Romain Wattel has decided that the GAC Rosa Challenge Tour should come with a little French flair.
After two rounds at Rosa Golf Club in Poland, the 34-year-old Parisian is leading the dance by a single stroke, having carved out a bogey-free 66 that looked about as effortless as buttering a croissant.
Six birdies later, Wattel stands at nine under par, perched just above a tightly packed peloton of four players all jostling at eight under. It’s a lead so slim it could slip through his fingers like fine sand, but for now, it belongs to him.
“It was really important for me to start well, to make sure you’re not battling to make the cut or to be under pressure too quickly,” Wattel said, sounding more like a man ordering coffee than dissecting the art of professional golf.
And start well he did. Wattel birdied two of his opening three holes, added another at the sixth, and by the time he’d rattled in back-to-back gains at ten and eleven, the Frenchman was looking as comfortable as a Bordeaux in a crystal glass.
His final flourish came with a closing birdie at the 18th, a hole many were treating like an angry border guard.
“It was a nice start and I played really good all round. Then hole 18 is a really tough hole and a birdie on there is always a bonus,” he explained. “I’m really happy. I played good golf today and made some good putts.”
For those with long memories, Wattel’s name isn’t new. He lifted a trophy on the HotelPlanner Tour as an amateur in 2010 and cracked the DP World Tour winners’ circle in 2015 at the KLM Open. Now, with the weekend looming, he’s eyeing another shot at silverware, though he knows the road is far from clear.
“It’s really packed at the top so anything can happen,” he admitted. “The guys now shoot low scores every day so I will have to play good golf.
Every day it’s a different course with the wind and the pin positions, so we’ll see tomorrow. I won’t change anything, just try to hit fairways and hopefully get some opportunities on the greens. It’s always important to have good finishes, so I’ll just try to do my best and we’ll see on Sunday.”

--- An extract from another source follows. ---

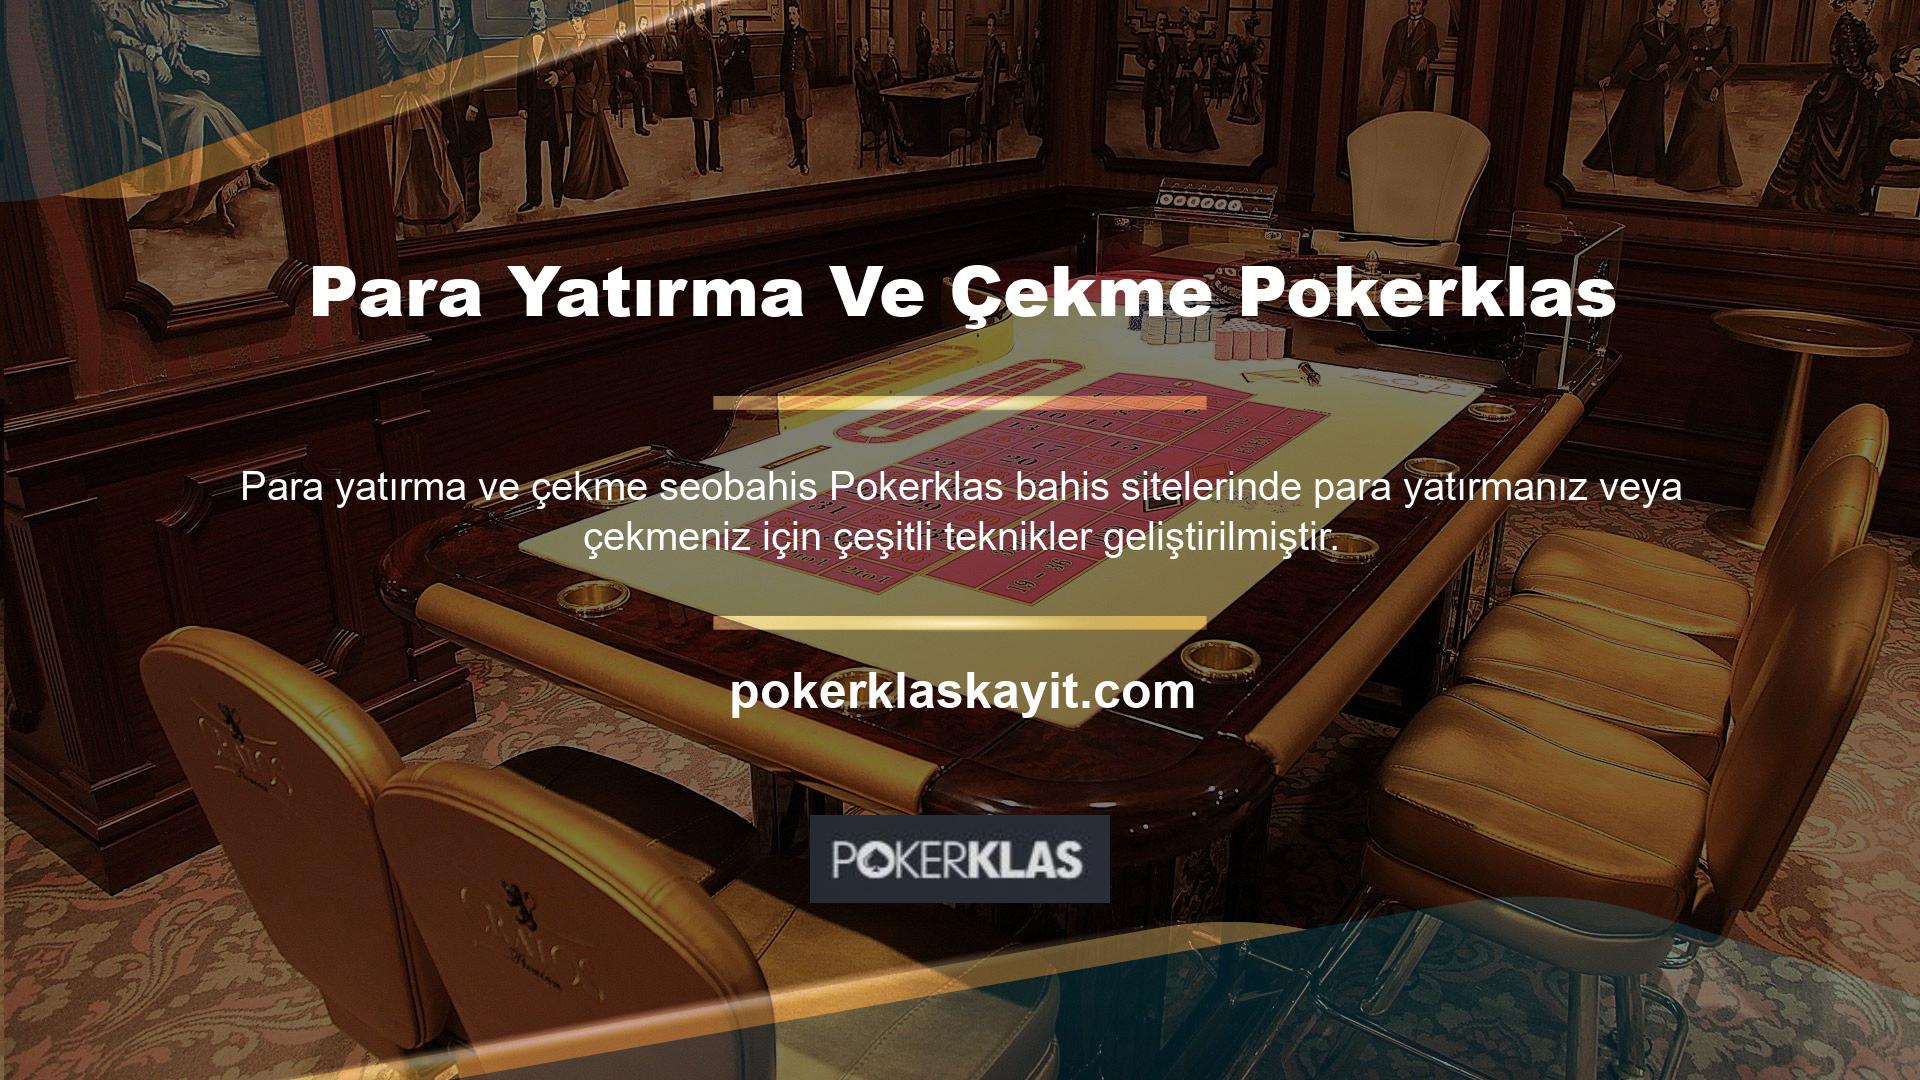 Bilinen tekniklere ek olarak Pokerklas web sitesi, her kullanıcının kendisi için en uygun yöntemi seçmesine olanak tanıyan özel alternatifler de sunmaktadır
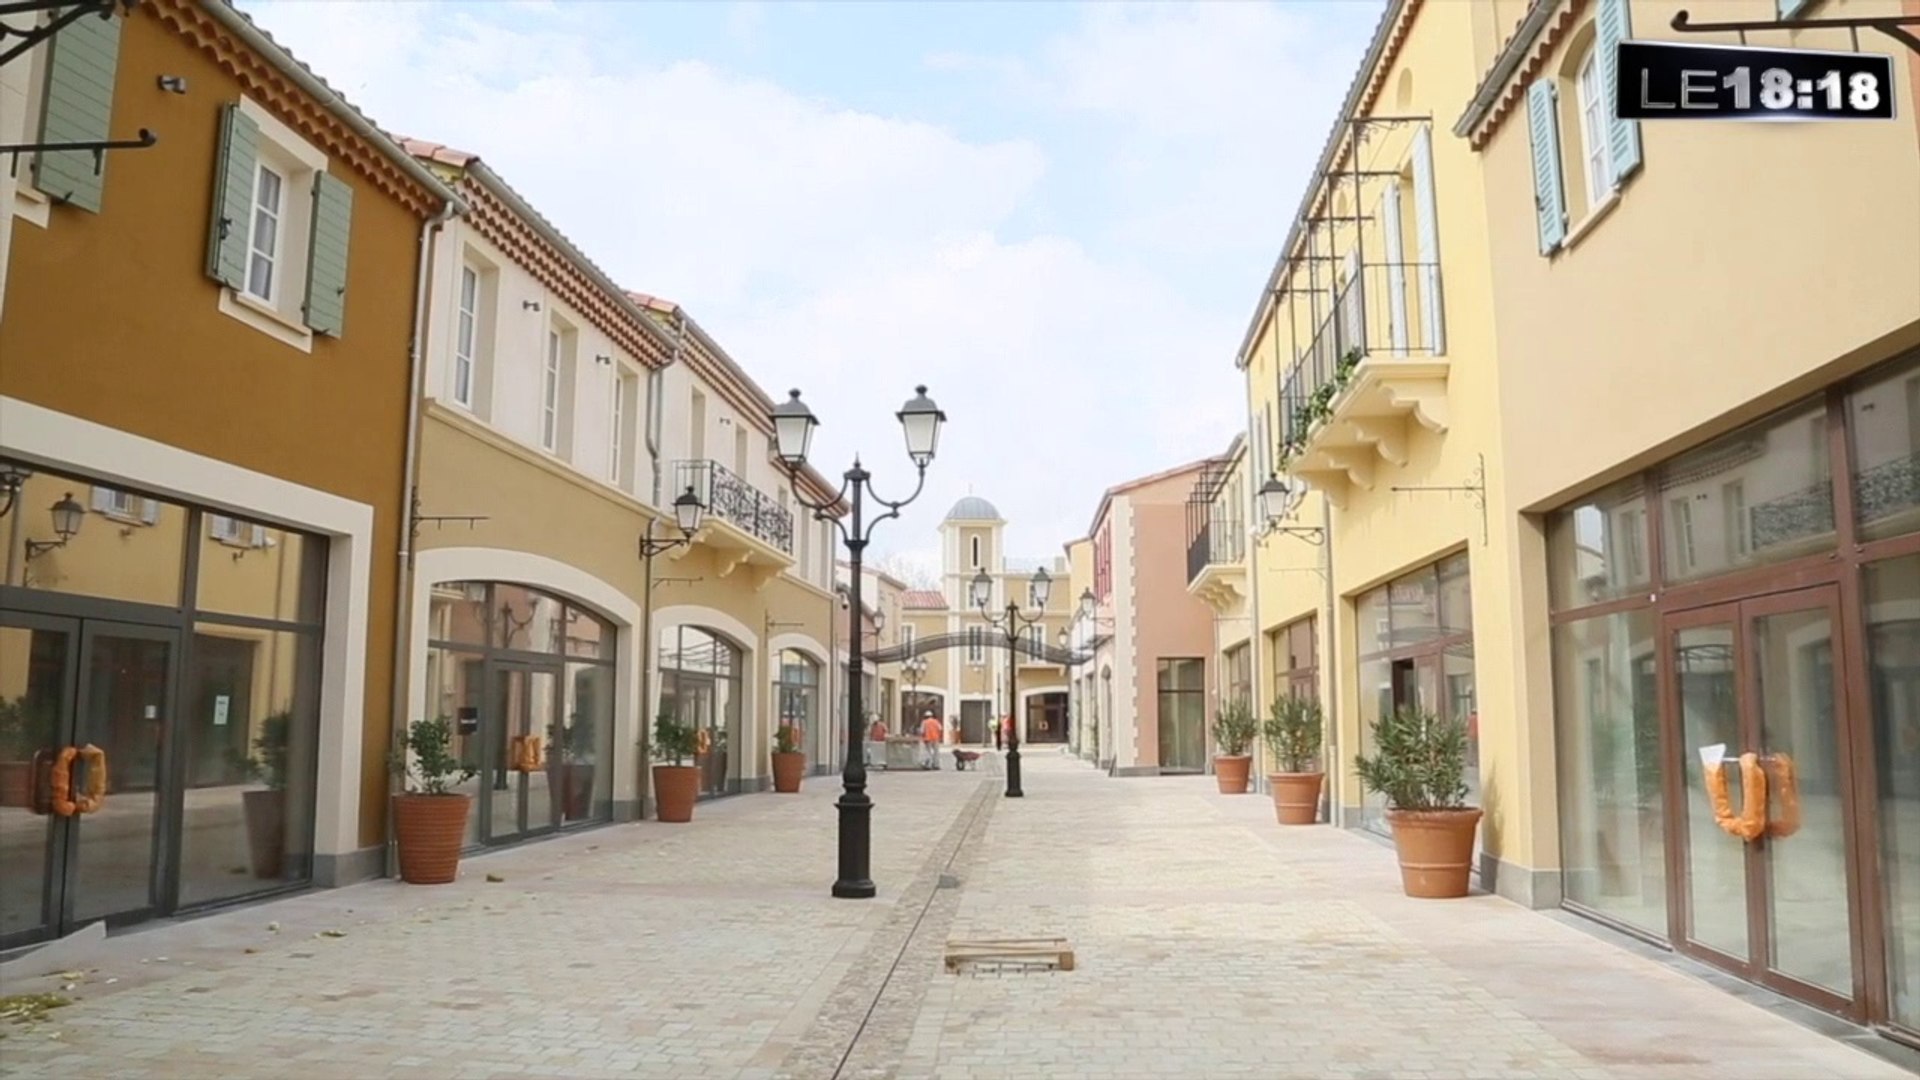 Le 18:18 - Village des marques de Miramas : 80 boutiques de prestige  ouvertes le 13 avril - Vidéo Dailymotion

And “packed” hardly does justice to this leaderboard. Swede Hugo Townsend, South Africa’s Bryce Easton, Germany’s Anton Albers, and Italy’s Renato Paratore — who could snag automatic promotion to the DP World Tour with a third win this season — are breathing down Wattel’s neck on eight under.
Not far behind lurks New Zealander Sam Jones alongside Portugal’s Pedro Figueiredo, who shot the round of the week with a sizzling eight under 62 that made the rest look like they’d brought butter knives to a sword fight.
As the GAC Rosa Challenge Tour edges into moving day, Wattel will tee it up in the final group at 11:44 a.m. local time, flanked by Townsend and Easton.
With just a single stroke to play with and a queue of hungry challengers behind him, Wattel knows the weekend will demand not just precision, but perhaps a touch of panache.